Our forecast finds that future WFIRST and redshift drift can significantly improve the constraints. Therefore, inclusion of dynamical measurement such as Hubble parameter data, redshift drift, etc. may be able to improve the constraint in accuracy and precision with high significance. As studied in our previous work [15], inclusion of the H(z) data can lead to stronger constraints on the cosmographic parameters. This discovery is helpful to understand or solve the convergence issue of supernova data. This is because a dynamical probe like the canonical redshift drift can provide direct measurement to the cosmic expansion history. While distance measurement is geometric. As studied in Ref. [63], the luminosity distance determines the EoS w through a multiple integral relation that smears out much information. For the redshift drift, it not only directly measures the change of Hubble parameter, but also can be realized via multiple wavebands and methods [37, 64]. Moreover, it is immune from extra systematic errors, and does not need photometric calibration, etc. Recently, a test in German Vacuum Tower Telescope demonstrates that the Laser Frequency Combs also have an advantage with long-term calibration precision, accuracy to realize the redshift drift experiment [65].

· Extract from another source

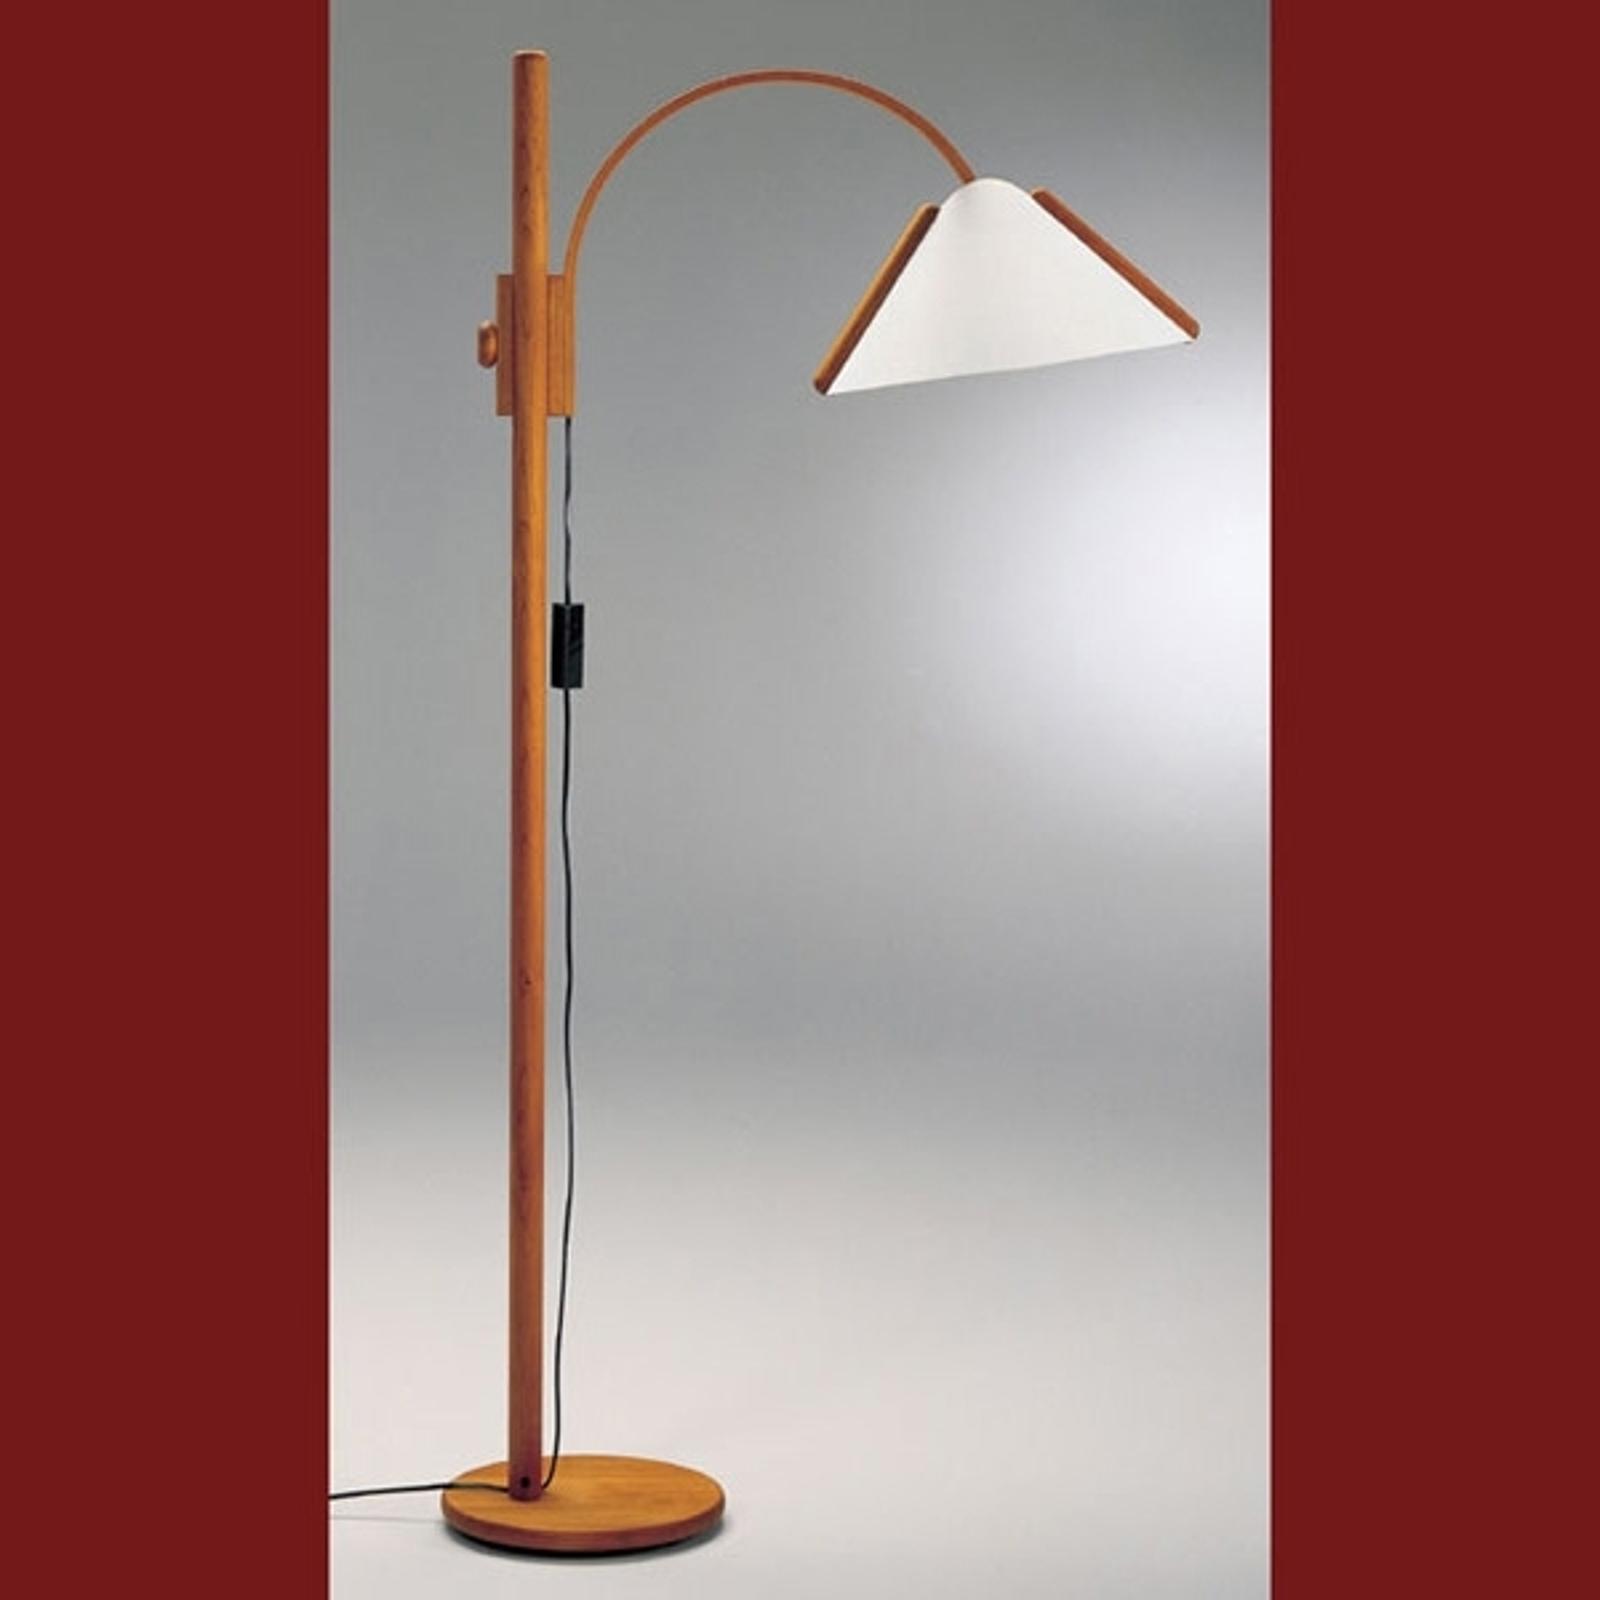 Stojaca lampa Arcade s dreveným rámom_2600011_1

Our investigation also promotes the study of the values of cosmography. In previous work, most attention were focus on a special model. However, our analysis presents an almost undamaged map of dark energy. It breaks the limitation of extrapolation to other models. Setting the dark energy w(z) as free, we find that cosmography cannot give reliable estimations on q(z) and w(z). However, we find that it does not favor a constant EoS, but a complicated w(z), such as \(w(z) = -1 +w_a z + w_b z^2 + \cdots \), where \(w_a <0\) and \(w_b \ne 0\). These estimations are useful for modeling the dark energy.

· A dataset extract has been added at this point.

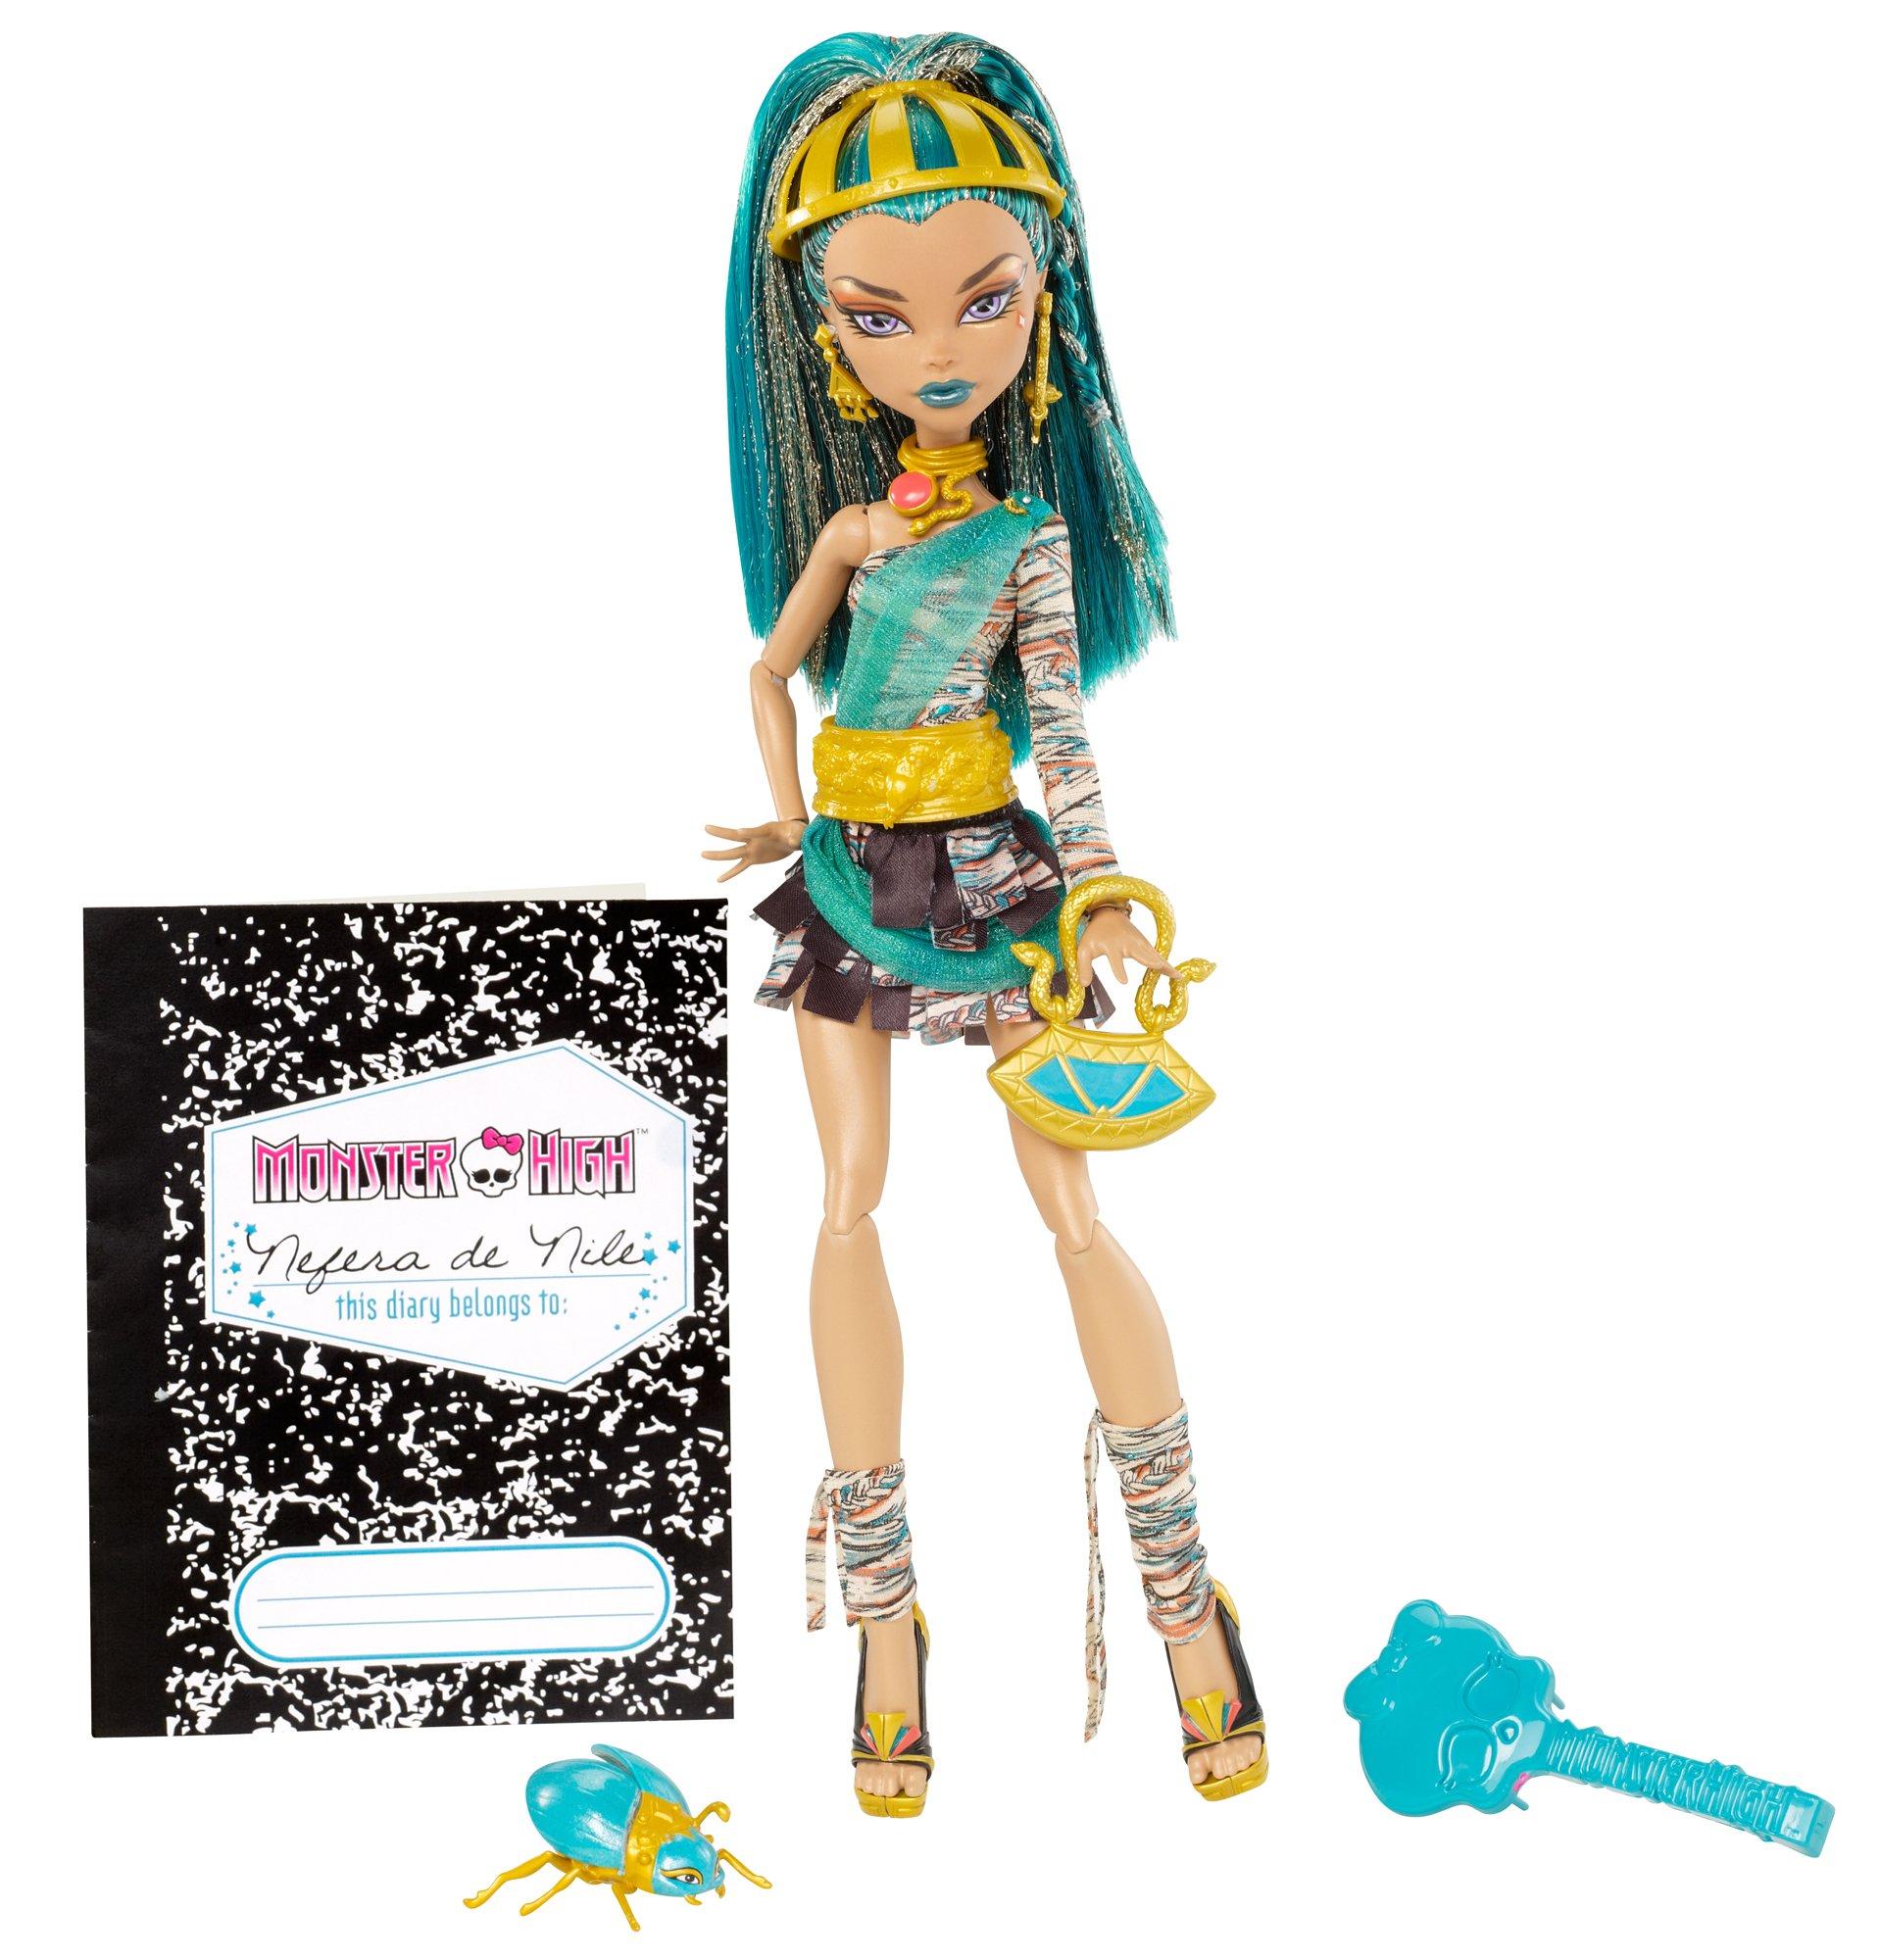 Mattel Monster High Nefera De Nile Doll Buy Online In Brunei At Brunei Desertcart Com Productid 58347312

Cosmography has been an useful tool with great potential to study the cosmology. For the dark energy, it was usually reconstructed by parametrization, such as the Chevallier–Polarski–Linder [66, 67], Jassal–Bagla–Padmanabhan [68]; or the non-parameterization, such as the Gaussian processes [55, 69], principal component analysis [60, 70]. Cosmography is another model-independent method to assess dark energy models. Moreover, cosmography has also been widely used in another fields, such as to test the power of supernova data [71]. Therefore, we have to say that cosmography is an important method to study the cosmology. Our study provides a straightforward and scientific reference. Of course, we will also devote ourselves to improving the cosmography study in our future work. We would like to study the influence of the inclusion of BAO and CMB data on cosmography. Throughout previous work, we find that many different observational data or combinations favor the best cosmography to second order. In our future work, we will also be interested in exploring their subtle relations to further understand the cosmography. Moreover, we also have an interest in improving the cosmographic problem by proposing some other physical redshift.